伍悅停好車往家走的路上,竟然遭遇了鬼打牆這種糟心的事情。就在他惶恐不安的時候,一個碩大如鬥的腦袋,憑空出現在他的眼前。
“如你所願。”那個碩大的腦袋咧著嘴巴,噴出陣陣腥臭。
鬼頭的皮膚粗糙,如乾裂的土地般布滿深淺不一的紋路,它額角長有兩根黑色的犄角,短小而粗壯,大而空洞的眼眶裡燃燒著兩團憤怒的火焰。鬼頭沒有鼻子,只有兩個黑黝黝的小洞在臉的正中間,它的嘴誇張的咧著,幾乎延伸到耳朵附近。 ”小說“小說章節更新最快
鬼頭漂浮在半空中,只能看到猙獰青灰的臉孔,頭頂和耳朵都隱藏在黑夜的虛空之中。這種詭異的景象,恐怕無論誰見到,都會嚇得失聲尖叫,掉頭逃走。
“”,!!。伍悅的大腦一片空白。今天真的沒喝酒,怎麽會出現這些奇葩的幻覺呢!他呆楞楞的看著近在咫尺的大腦袋,“你,你要幹嘛?”
不Zhīdào是不是最近這一段伍悅遇到的鬼太多了,竟然已經可以做到見怪不怪的程度。鬼頭被他問的愣了一下,隨即惡狠狠的呵道“伍悅,你為虎作倀,助紂為虐!可知罪嗎?”
伍悅倒吸一口冷氣,也不Zhīdào哪裡來的勇氣,“你是什麽東西?跟我得瑟什麽?只剩個腦袋,不嫌丟人嗎?”
這句話說出來,伍悅由衷的懂得了“不作不會死”的真諦,幹嘛要這麽嘴欠啊?不過不知怎麽的。他雖然害怕的要死,但卻並不慌張,心裡仿佛有一個強大的力量在支持著他,他相信這股力量可以讓他免於傷害。
“伍悅,你作惡多端,卻不知悔改,我今天就是來取你性命的!”鬼頭陰惻惻的說著,眼中爆出兩團烈火。
伍悅的大腦一片空白,在這寂靜無人的時刻,不但遭遇了鬼打牆這種恐怖的事情。還有一個詭異的腦袋寸步不離的在自己眼前晃悠。
他往周圍看了看。四周霧氣彌漫,如同鬼域。“好吧,你到底想幹嘛?”
“你雖為人類,卻自甘墮落。今天就是你的審判日!”鬼頭的眼中吐出陣陣烈火。在半空中旋轉起來。“你可知罪嗎?”
黑暗的夜空中霧氣彌漫,只有這麽一個噴著熊熊火焰的恐怖鬼臉,在眼前旋轉著吼叫。伍悅的四肢僵硬,就連思維都麻木起來,但是他很快就明白了什麽叫物極必反,一種就算我活不了也不能讓你稱心的想法迅速佔據了他的思維。

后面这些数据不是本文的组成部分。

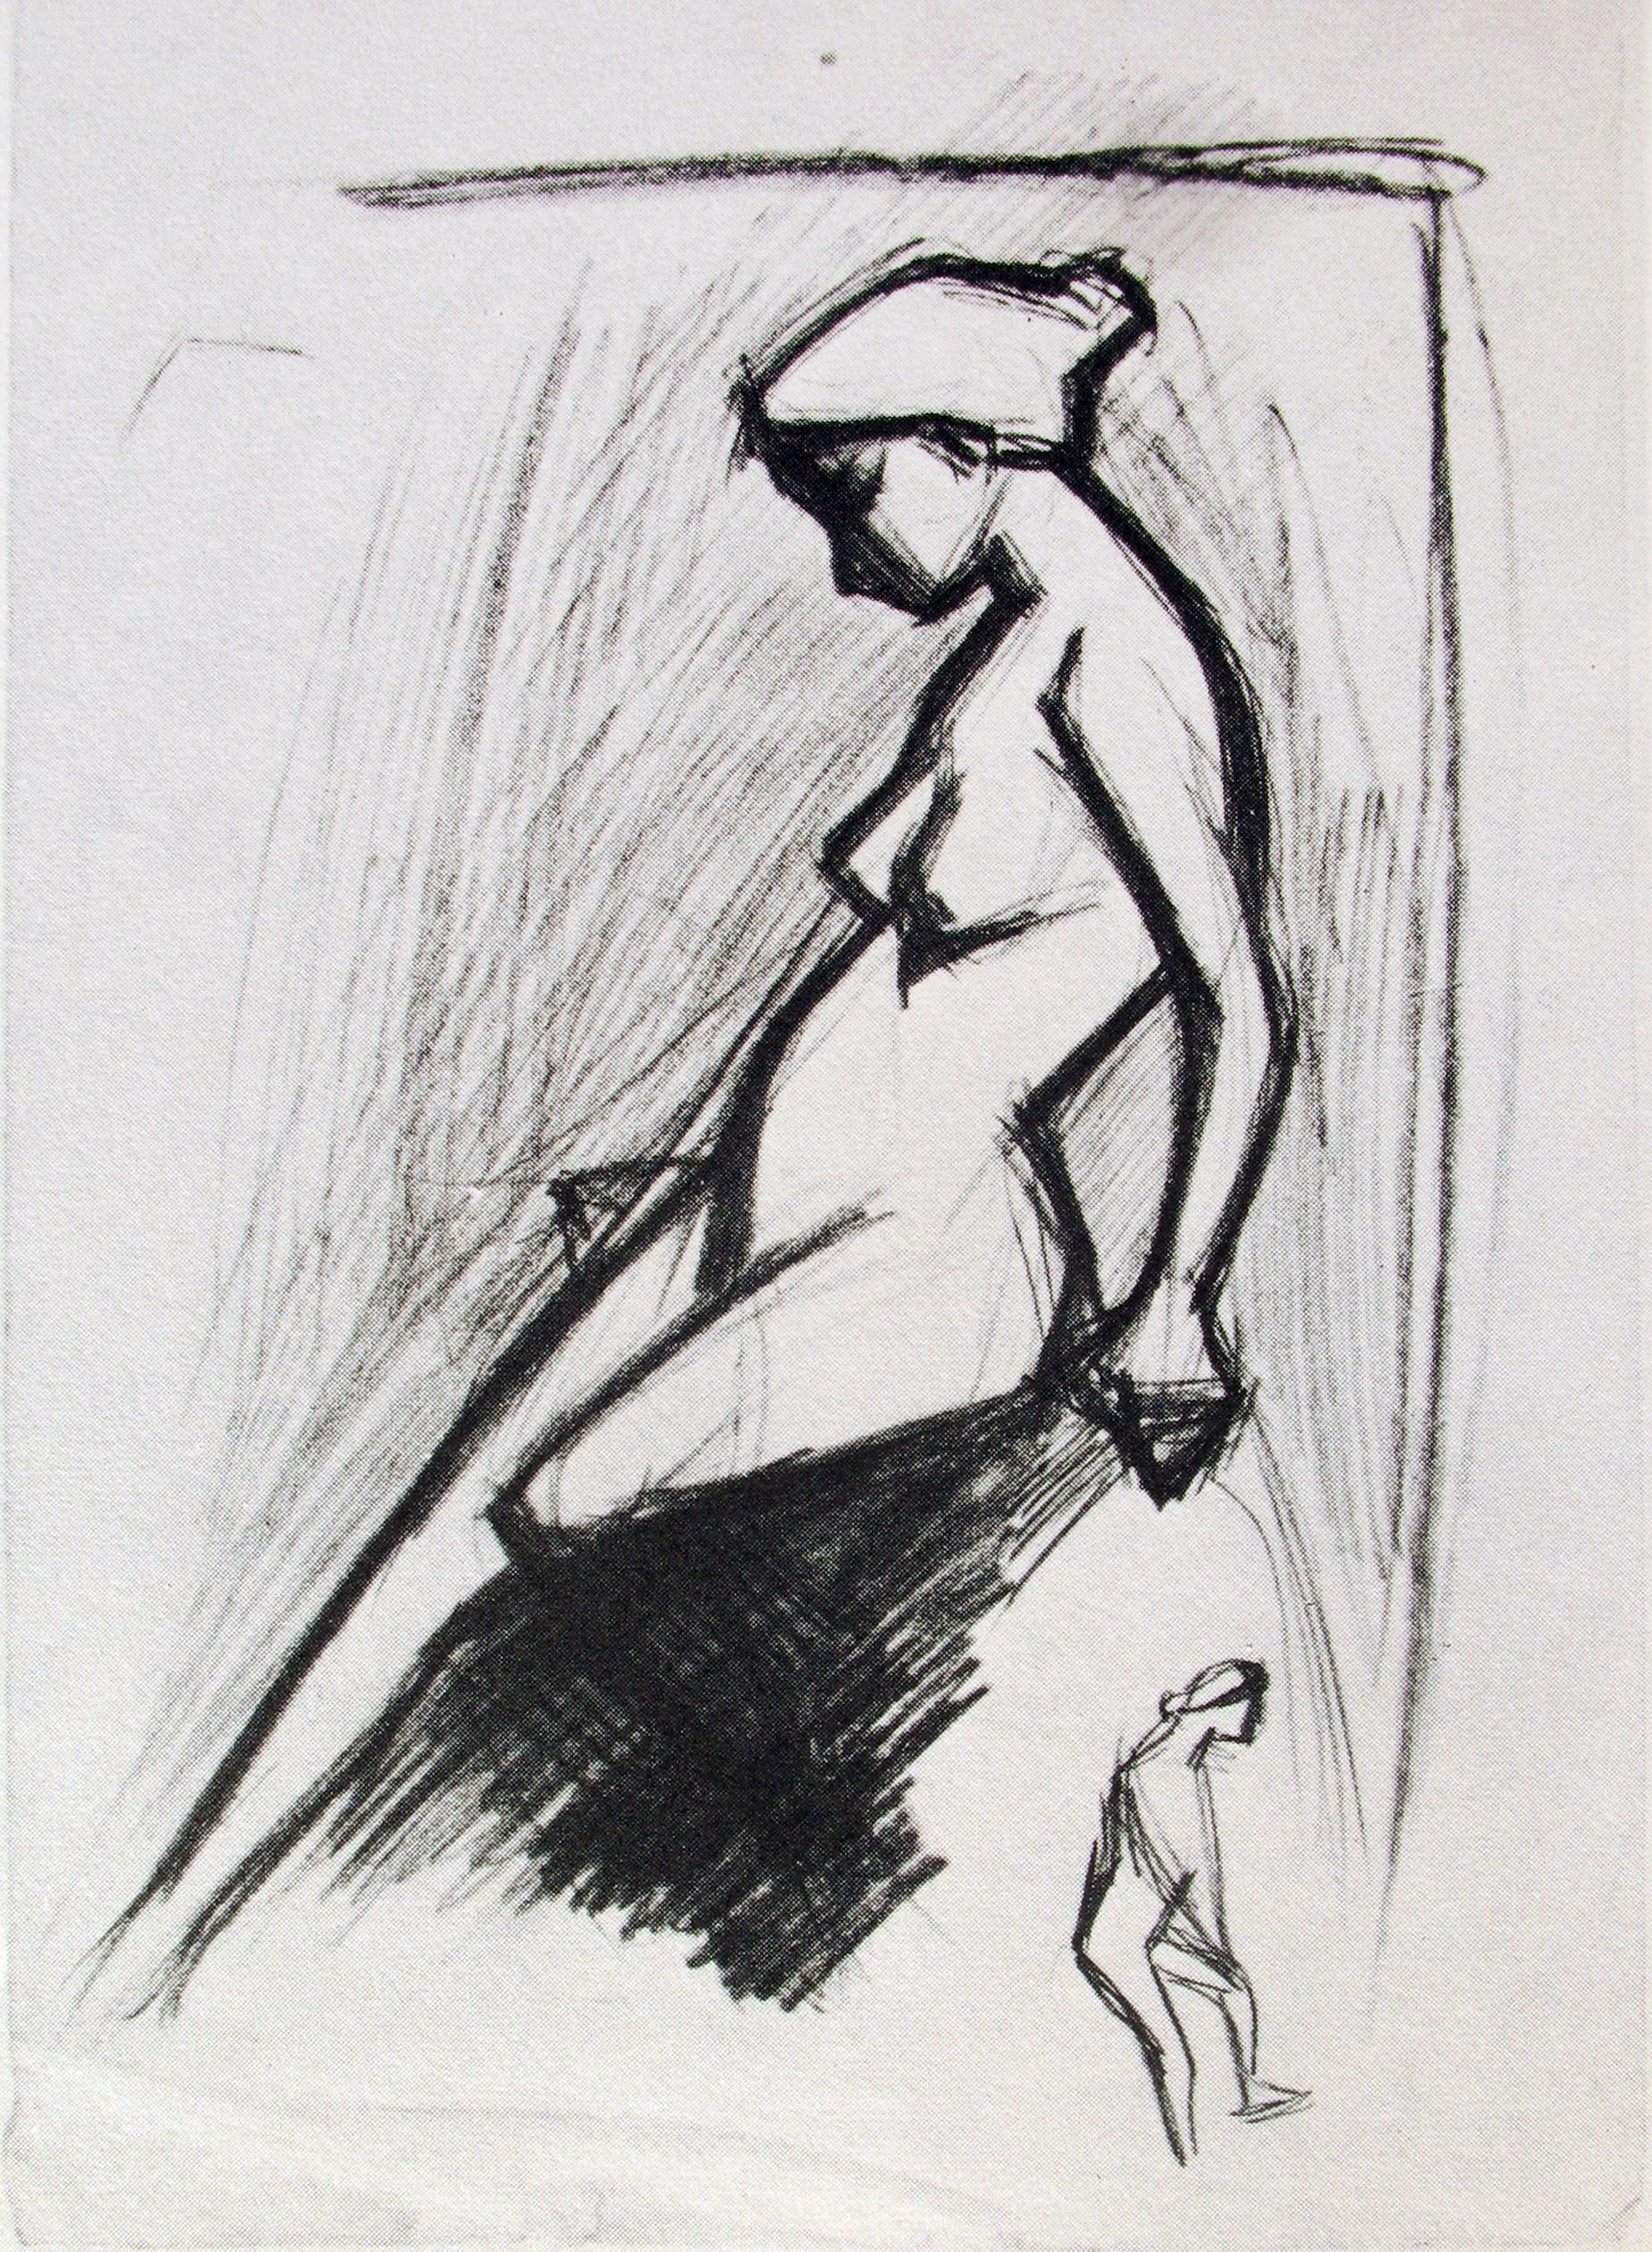 Pablo Picasso - croquis - nude 4

“審判日?你二次元看的太多了吧?你是飛頭蠻嗎?你不在日本跑北京來幹嘛?百鬼夜行來中國巡演了?”
鬼頭被他徹底的激怒了,他飛速的旋轉了幾圈,尖聲叫道:“自作孽不可活!自作孽不可活!”說著,它眼中烈火更盛,炙熱的火苗幾乎舔到伍悅的臉上。
灼熱的感覺逼近了伍悅,英雄情節瞬間被燒得無影無蹤。
鬼頭緊貼著他的臉,黑色的犄角甚至已經頂到了伍悅的額頭,陰冷的低吼著,“伍悅,你想活還是想死?”
“想活!”他想都沒想的答道。
“既然如此,你可願將功補過,補償你犯下的罪孽啊?”鬼頭的怒火平息了一些,它向後退去一點點,側著臉冷冷的問道。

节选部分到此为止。